While more premium inventory from "ComScore 100" online properties is ostensibly becoming available for programmatic trading, it's often not as "programmatic" as billed, said Bill Lederer, CEO of MediaCrossing, a programmatic trader that operates independently of agencies. "Some of this inventory being showcased as programmatic is being bought with a whole lot of phone calls and emails," he said. "There's a certain amount of phoniness in the discussion."
Growing use of viewability, brand safety and fraud-prevention technology to weed out undesirable inventory will inevitably drive up prices of programmatic buys, Mr. Lederer added.
In 2008, P&G started to develop and test an in-house programmatic trading system called Hawkeye, according to several people familiar with the matter. P&G has repeatedly declined to confirm Hawkeye's existence.
Global Brand Building Officer Marc Pritchard has pushed for a faster shift toward programmatic digital buying in recent months, said people familiar with the matter, which comes as P&G has been under investor pressure to get more from its ad budget amid slower growth.
P&G Chief Financial Officer Jon Moeller said following the company's quarterly earnings release in April that, thanks largely to more cost-efficient digital media, the company has moved from growing ad spending slower than sales to cutting it in absolute terms this year, without sacrificing impact.
It is unclear how this will affect Starcom MediaVest Group, which handles P&G's digital buying. The agency declined to comment.
Most brand advertisers remain wary of programmatic trading.
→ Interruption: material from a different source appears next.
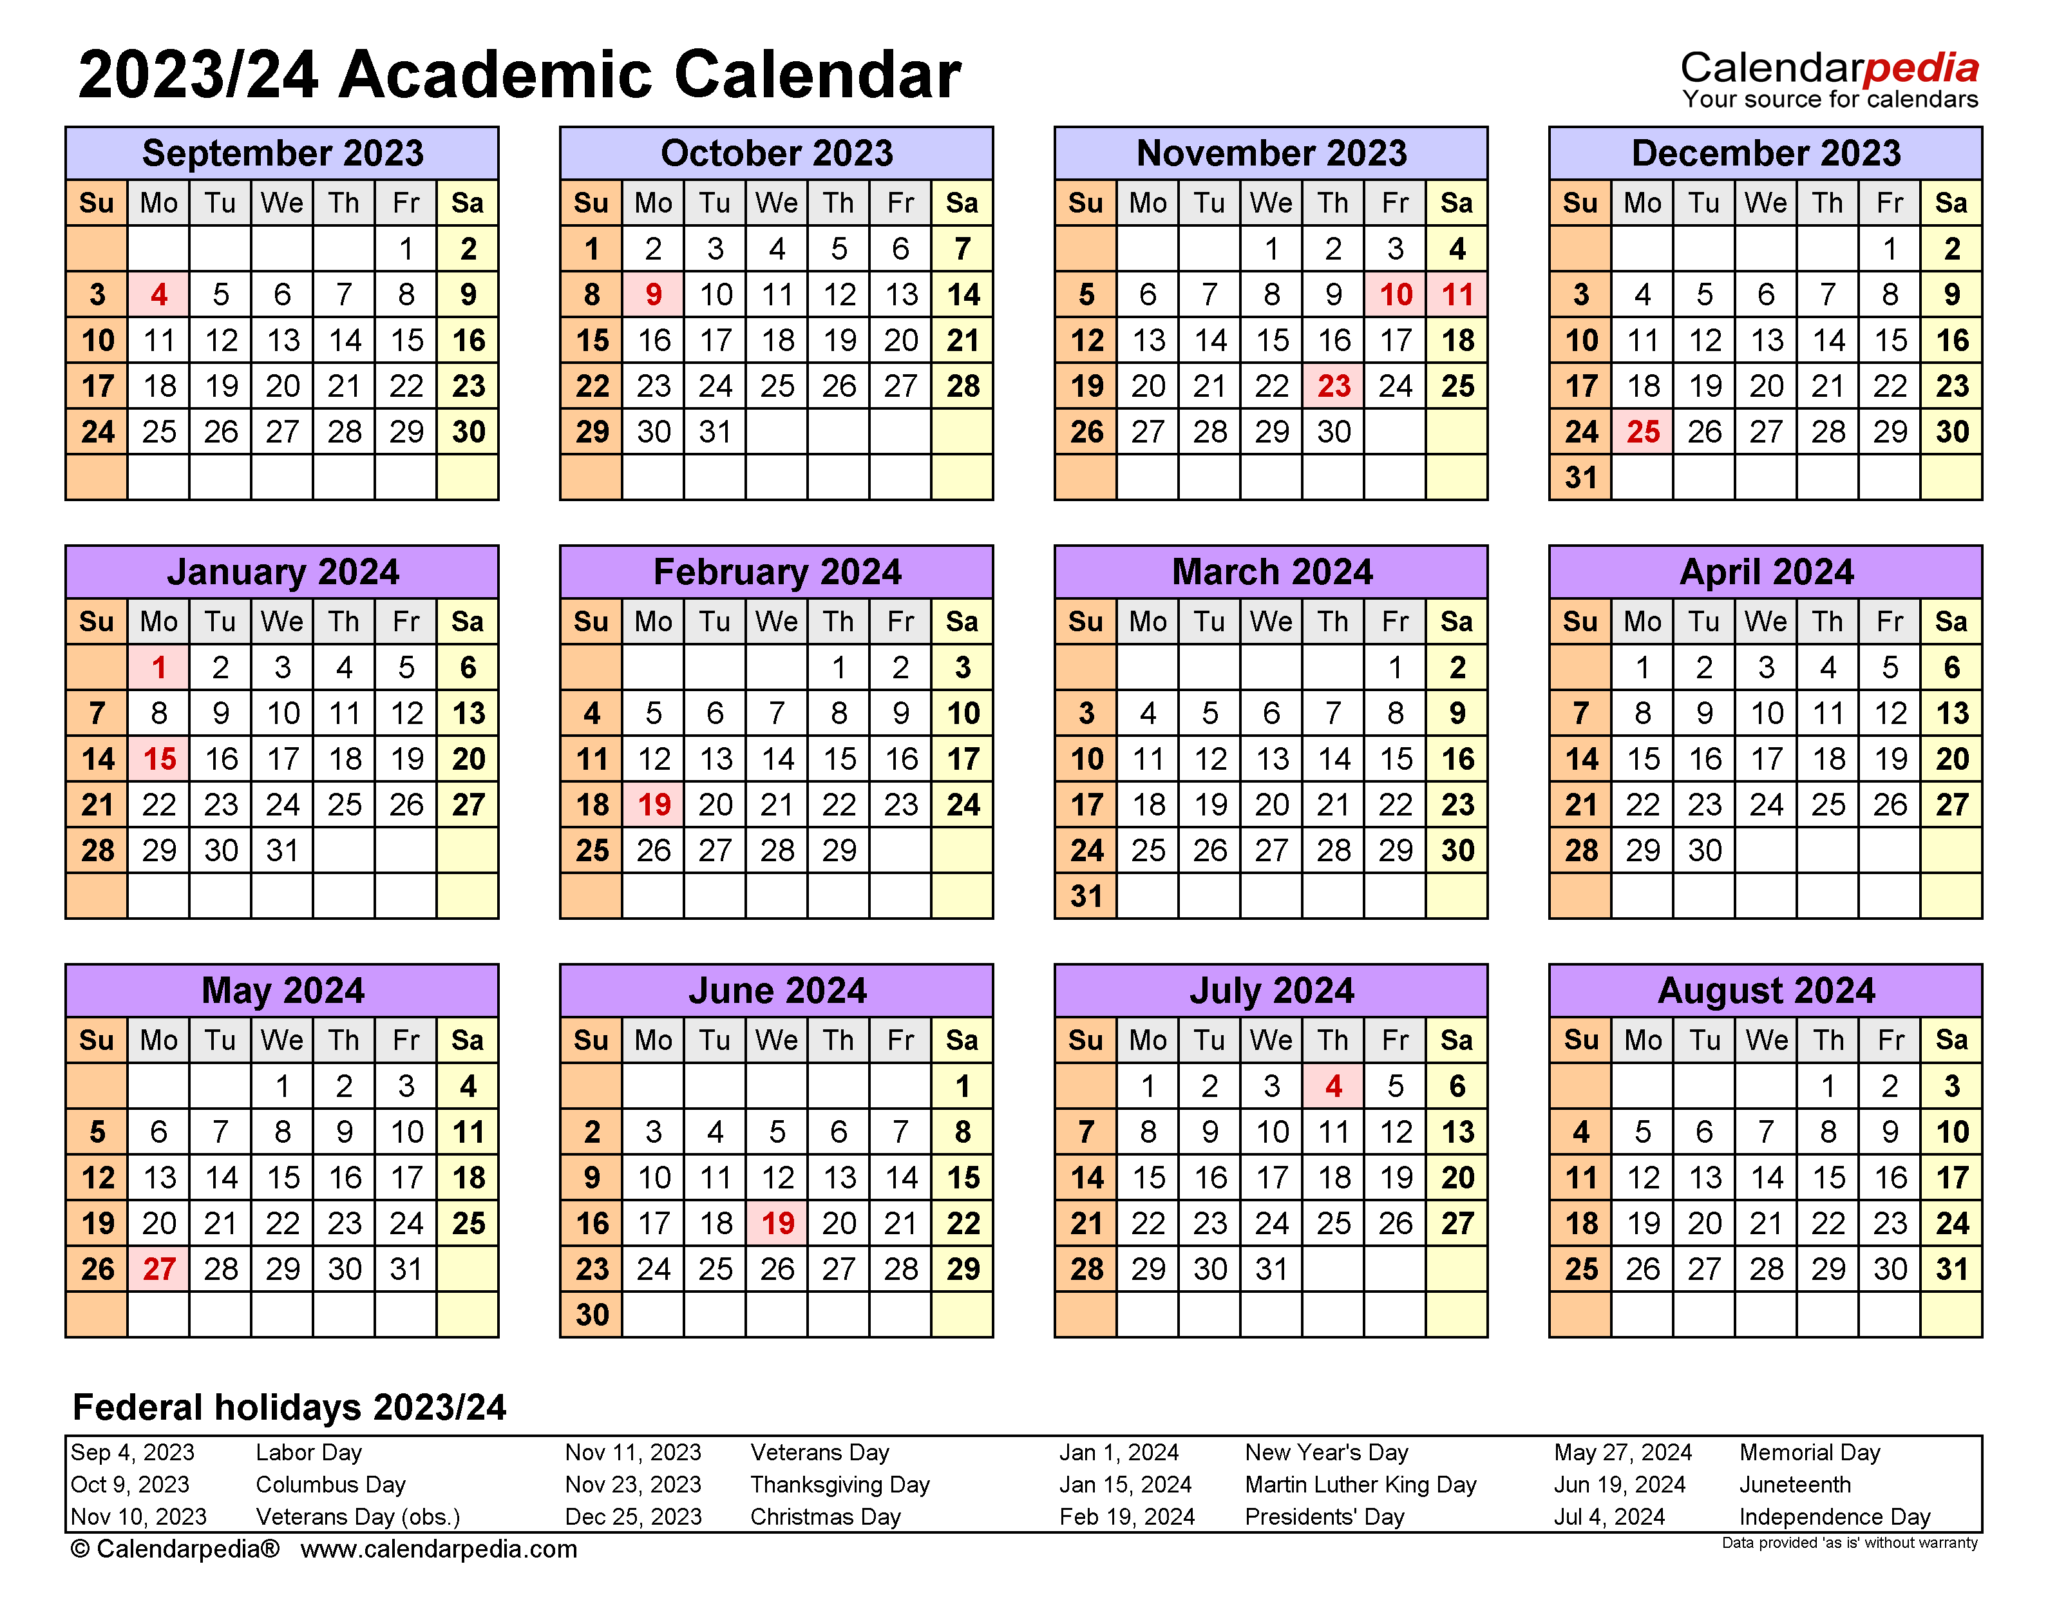 academic-calendar-cornell-2022-23-printable-calendar-2023

A survey released last month by the Association of National Advertisers and Forrester Research of ANA members, a group dominated by brand advertisers like P&G, found only 28% felt they understood programmatic well enough to use it, while another 10% understood it but still wouldn't use it.
One of the biggest concerns, the survey found, was about transparency of the complex deals that wind though agency trading desks and other third parties, with ANA citing estimates that publishers get as little as 25%-to-50% of the dollars.
With its own trading desk, P&G essentially eliminates middle players, though not ad networks. But it has an ally, or at least a familiar face, at Google, owner of one of the biggest networks. Late last year Google recruited well-regarded P&G executive Kirk Perry as president-brand solutions. Mr. Perry was at least tangentially involved in developing Hawkeye as VP-North American marketing from 2008 to 2011, leading the group that approved digital media buys tested in the system, according to multiple executives.